Overview

Ascend NPU is an up-and-comer in the AI computing field, but most training and online inference scripts are based on GPUs. Due to the architecture differences between NPUs and GPUs, GPU-based training and online inference scripts cannot be directly used on NPUs.

PyTorch GPU2Ascend provides an automated method for migrating GPU-based scripts into NPU-based scripts, reducing the learning cost and workload of manual script migration, thereby improving the migration efficiency. In addition, it provides analysis methods to help users analyze the operators supported by PyTorch training scripts.

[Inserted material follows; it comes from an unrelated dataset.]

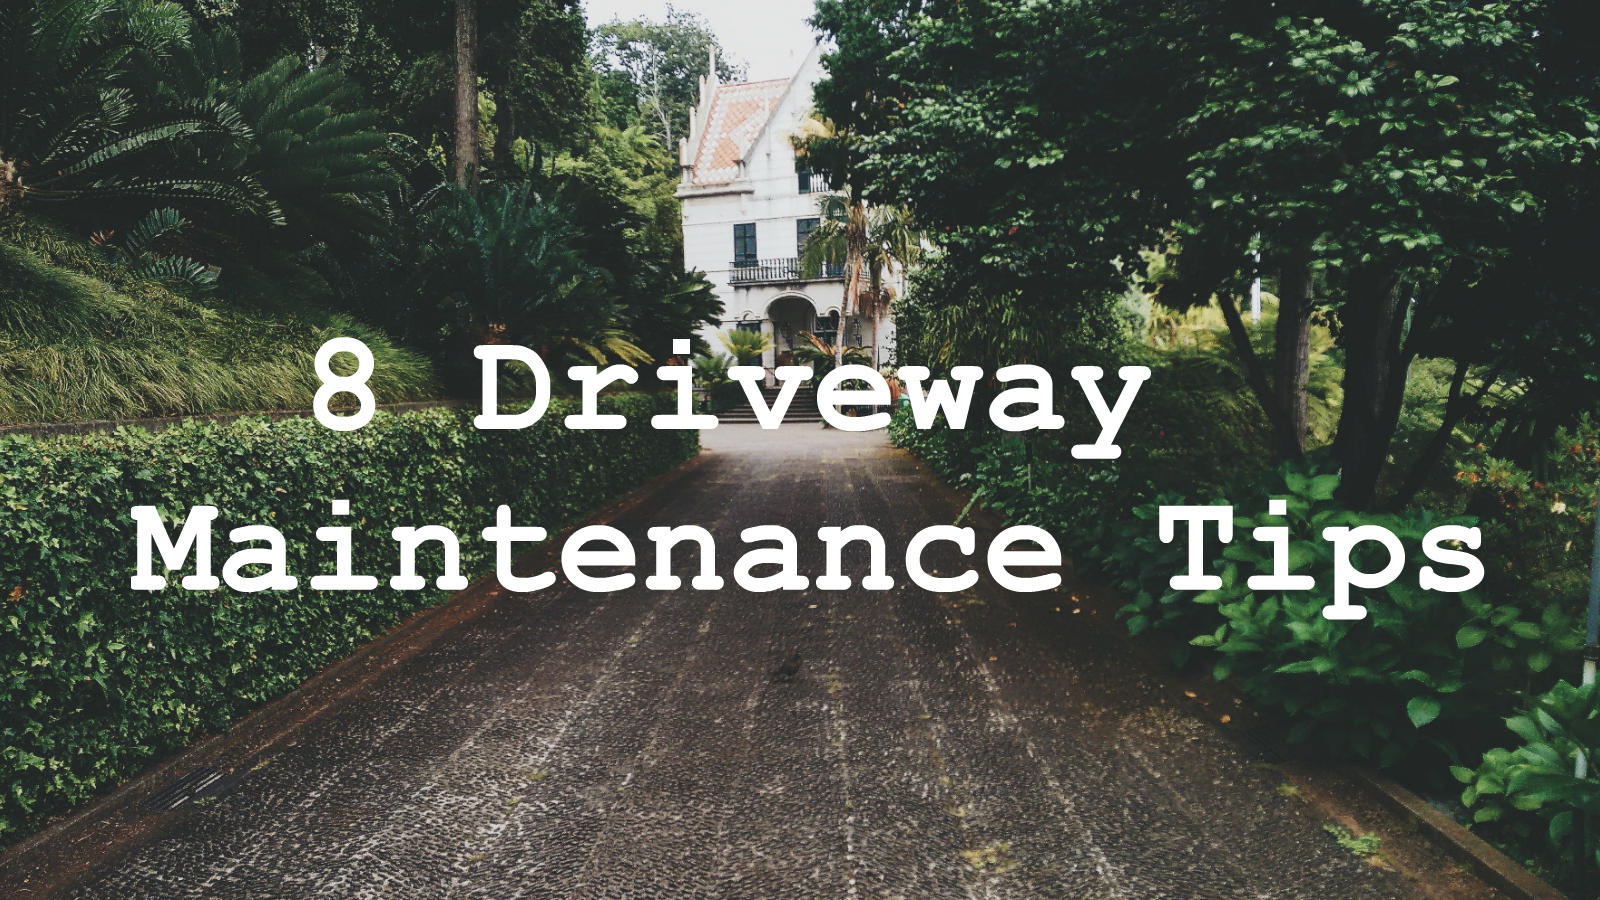 8 Driveway Maintenance Tips - 8 Driveway Maintenance Tips

Currently, training scripts of PyTorch 1.11.0, 2.1.0, and 2.2.0 can be analyzed and migrated.

Constraints

  • The execution logic of scripts migrated by PyTorch GPU2Ascend remains consistent with that before the migration.
  • The scripts to be migrated should be compatible with Python 3.7 or later and capable of running in a GPU environment.
  • If the source code calls third-party libraries, adaptation issues may occur during the migration. Before migrating the source code, you need to install the third-party library versions adapted to Ascend based on the called third-party libraries. For details about the adapted third-party libraries and their usage guides, see "References" > "Model Suites and Third-Party Libraries" in PyTorch Training Model Porting and Tuning Guide.
  • The FusedAdam optimizer used in Apex does not support tool-based migration. If the source code contains this optimizer, you need to modify it.